AVAILABLE DATA –
◆ ◆ ◆ ◆

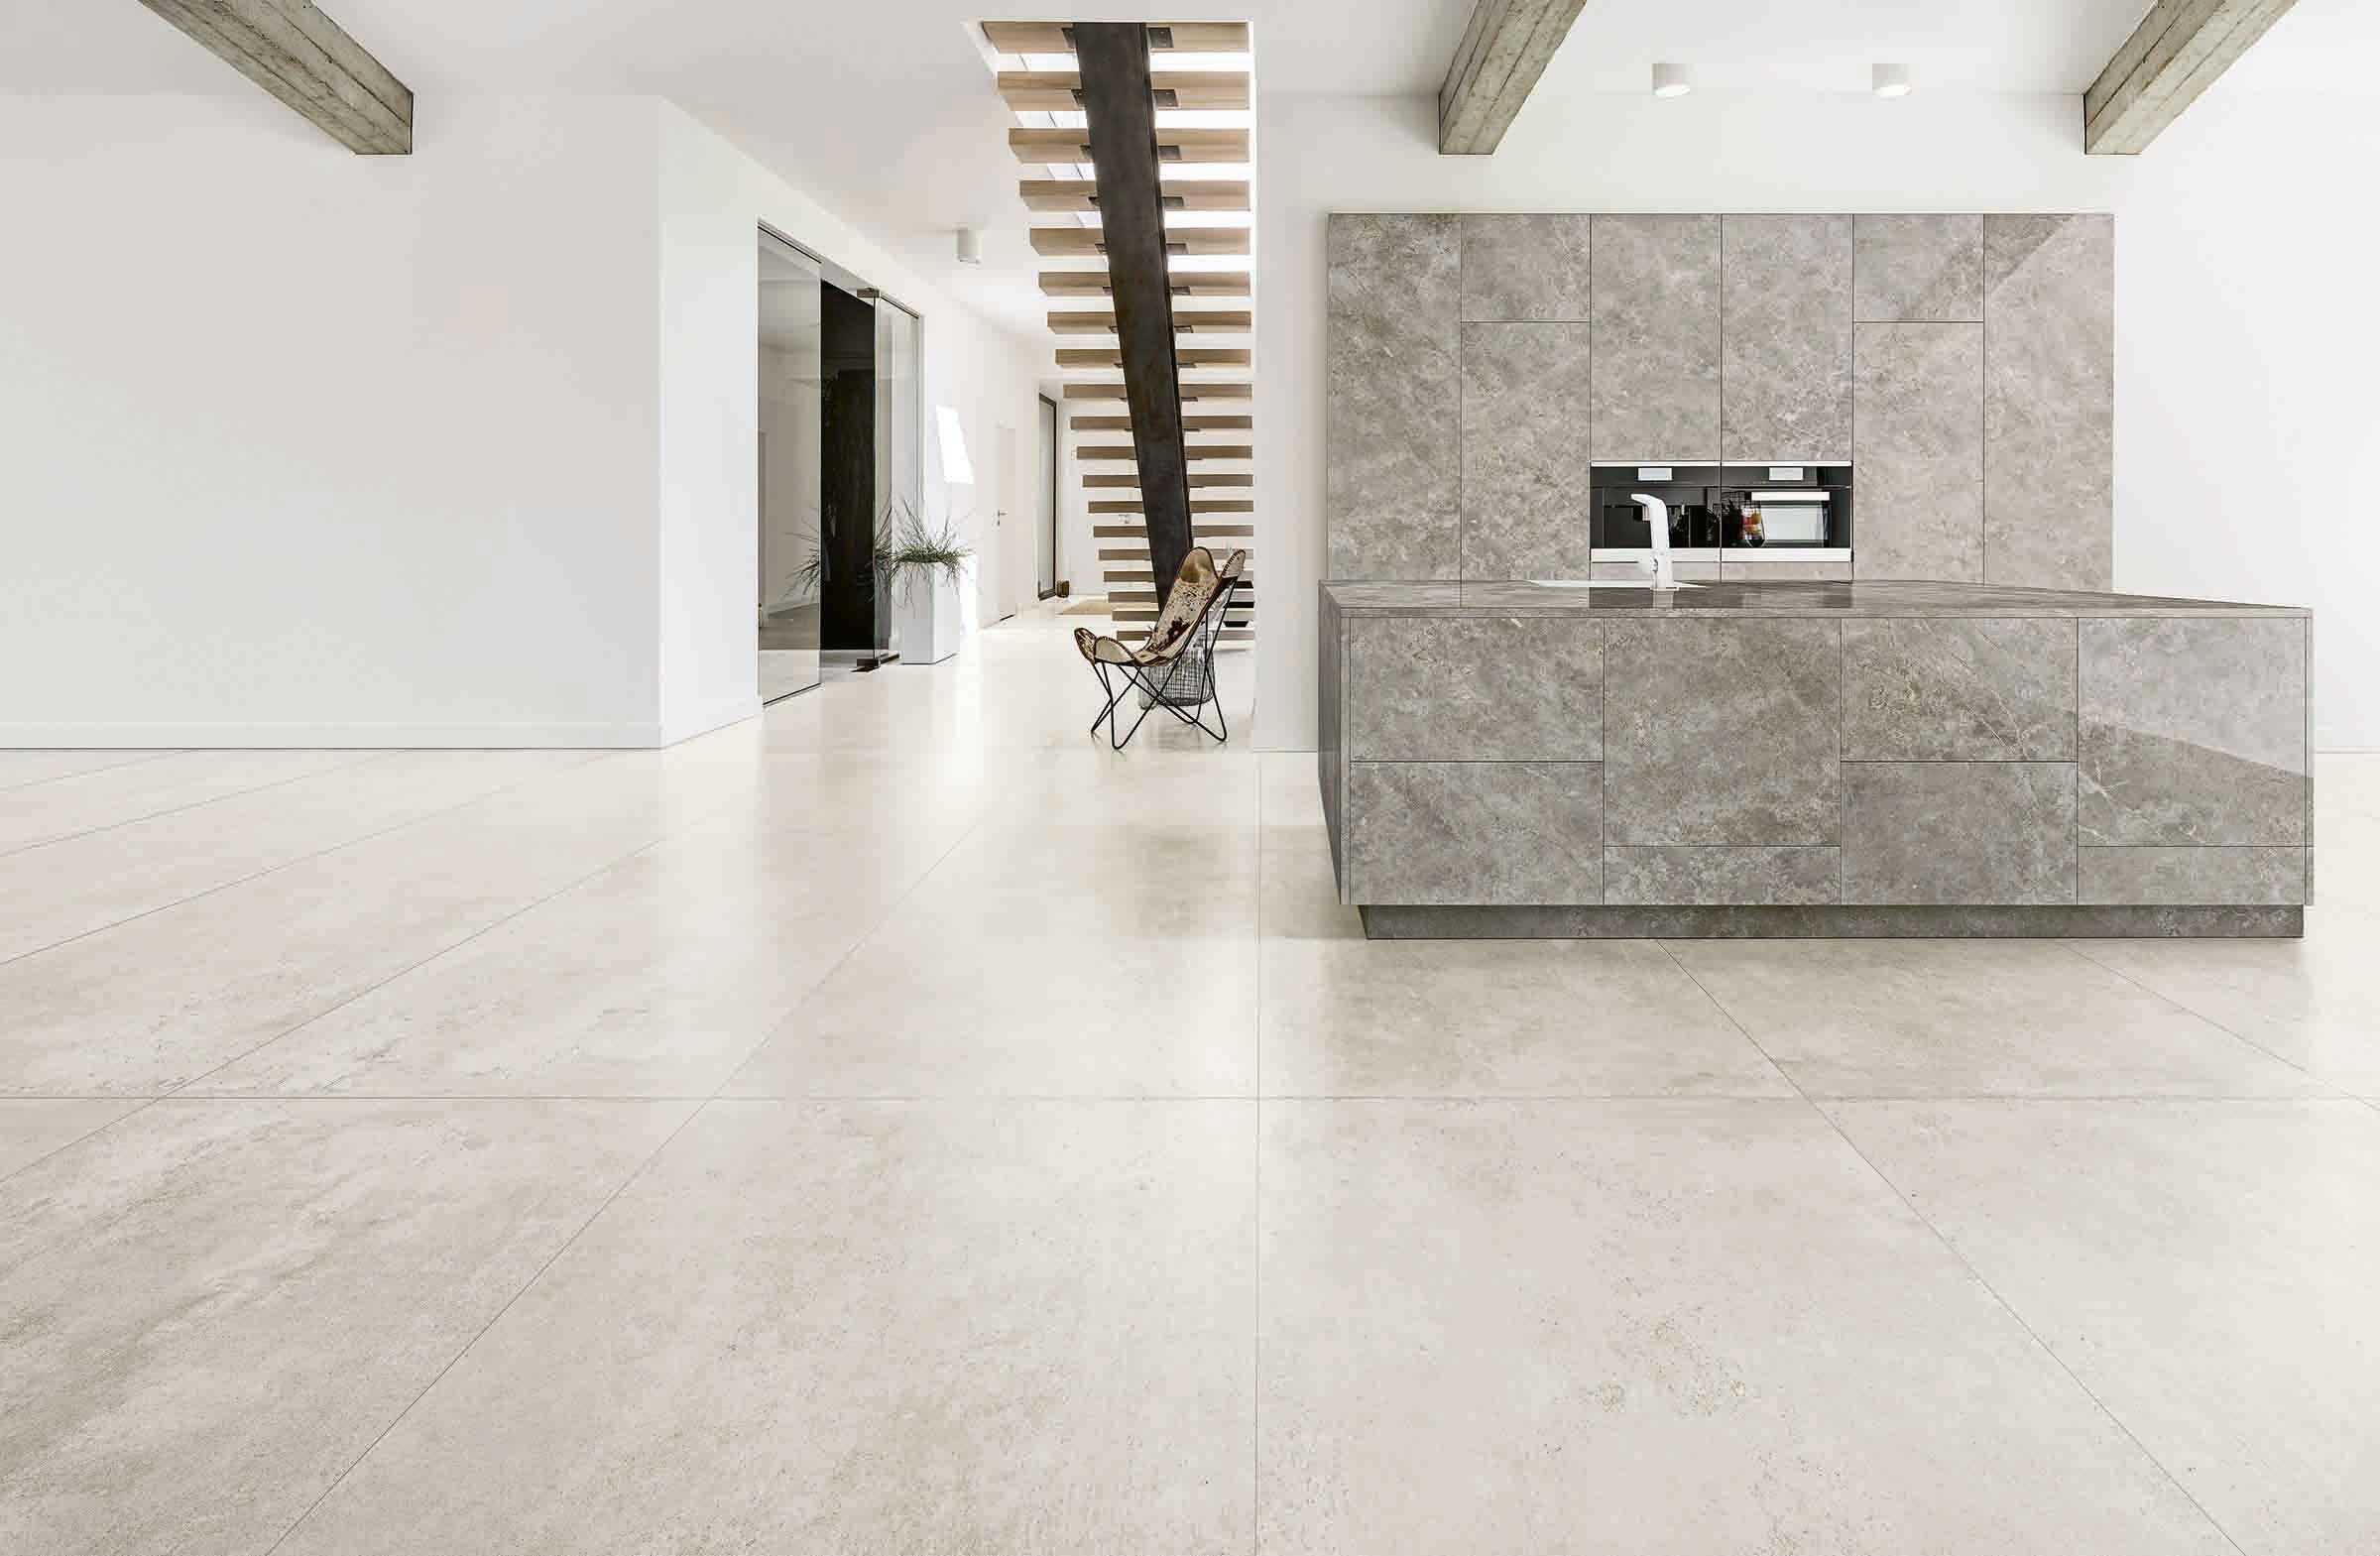 La nuova texture FIOR DI BOSCO di ARIOSTEA, brand della Holding Iris Ceramica Group
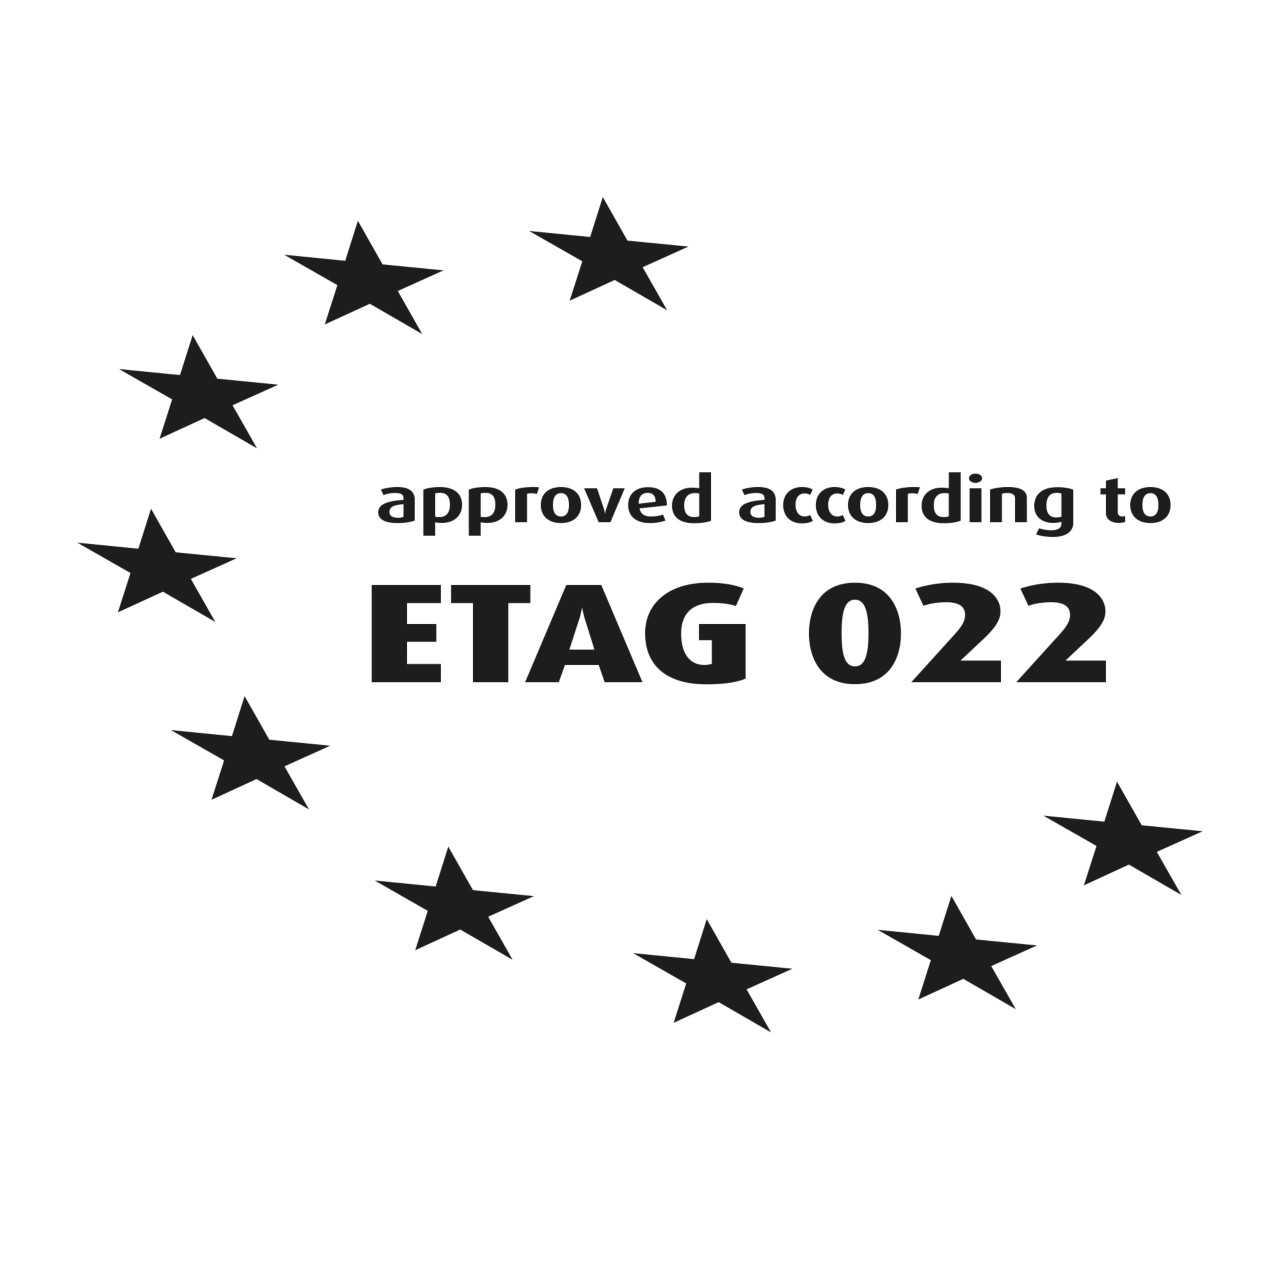 ETAG-022
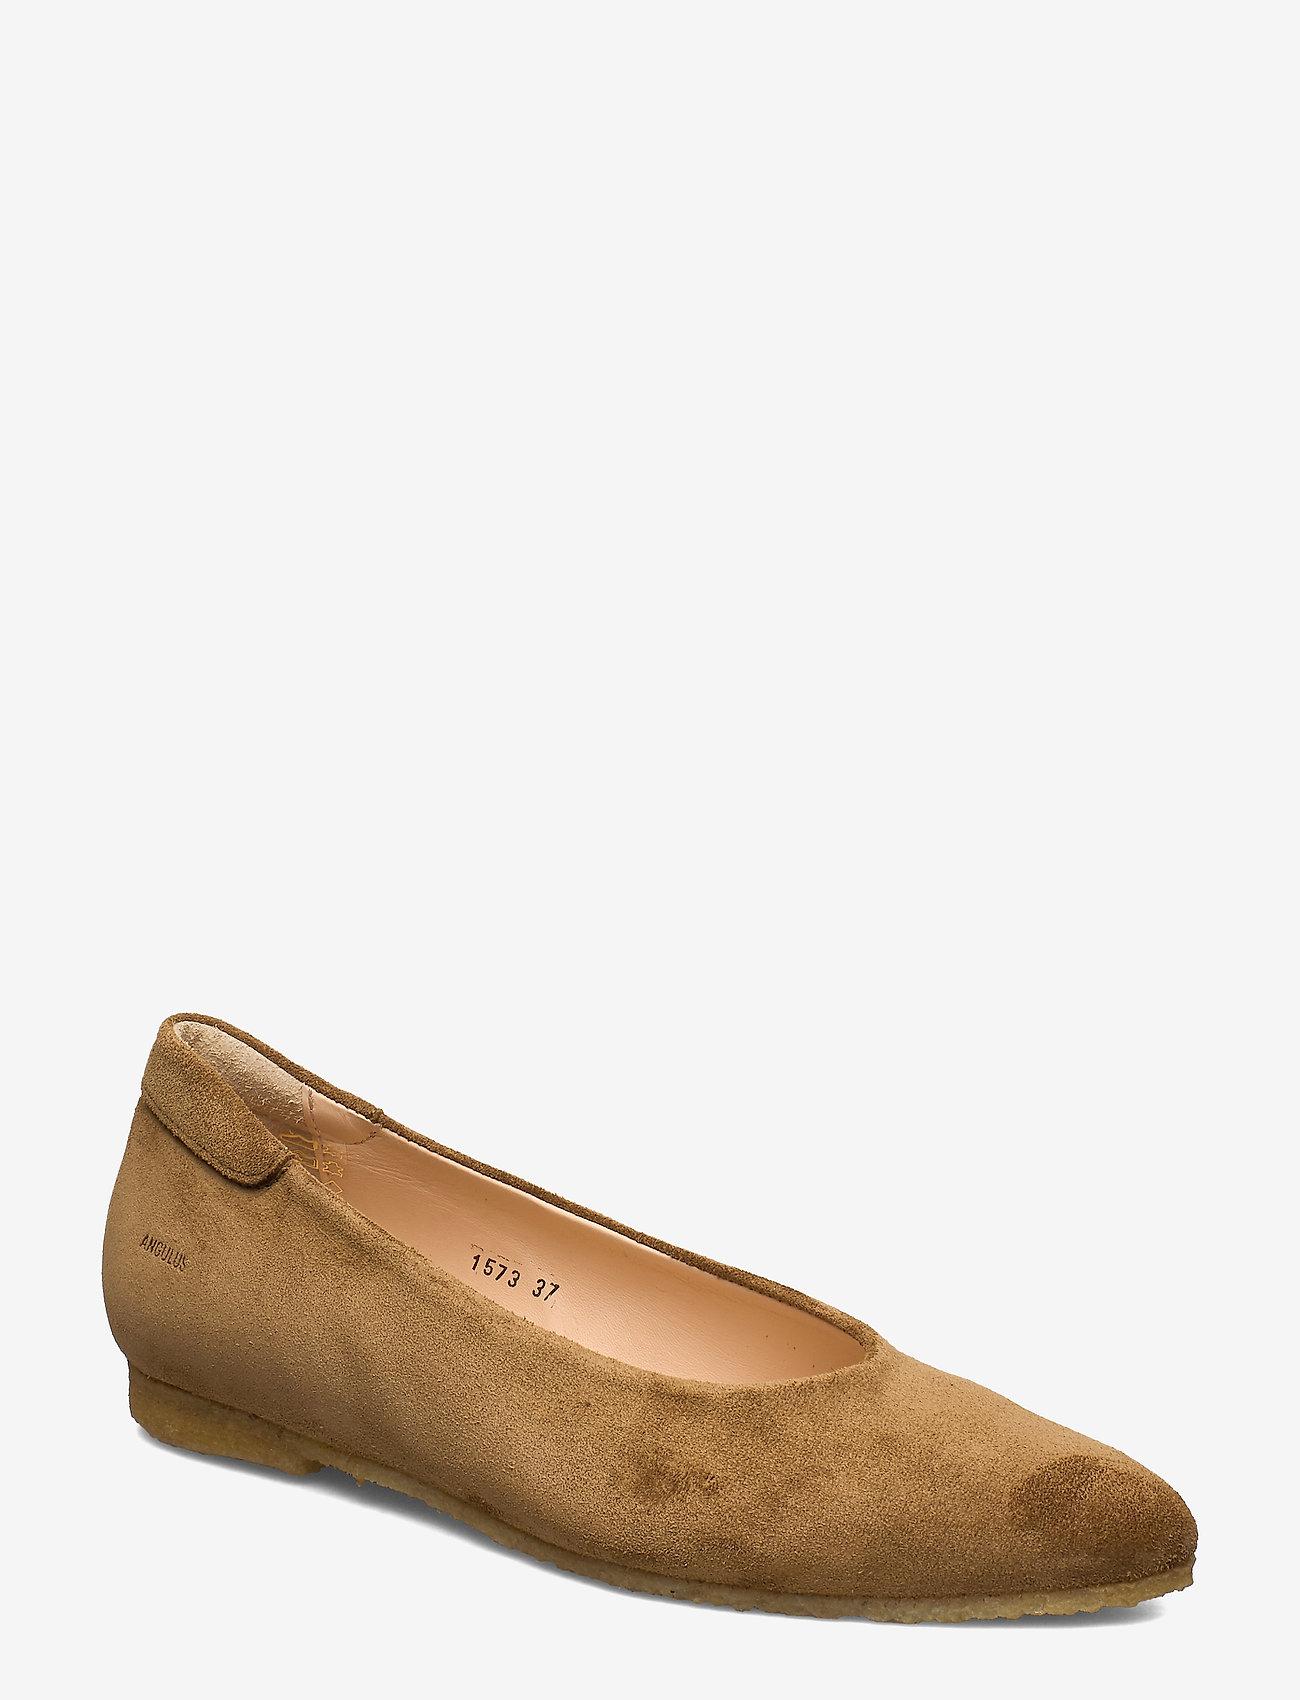 ANGULUS - Ballerina - ballerinas - 2209 mustard - 0

◆ ◆ ◆ ◆

ASSIGNMENT –
Give back every line of the material above word for word, leaving out the pictures.

PROBLEM SOLUTION –
 La nuova texture FIOR DI BOSCO di ARIOSTEA, brand della Holding Iris Ceramica Group
 ETAG-022
 ANGULUS - Ballerina - ballerinas - 2209 mustard - 0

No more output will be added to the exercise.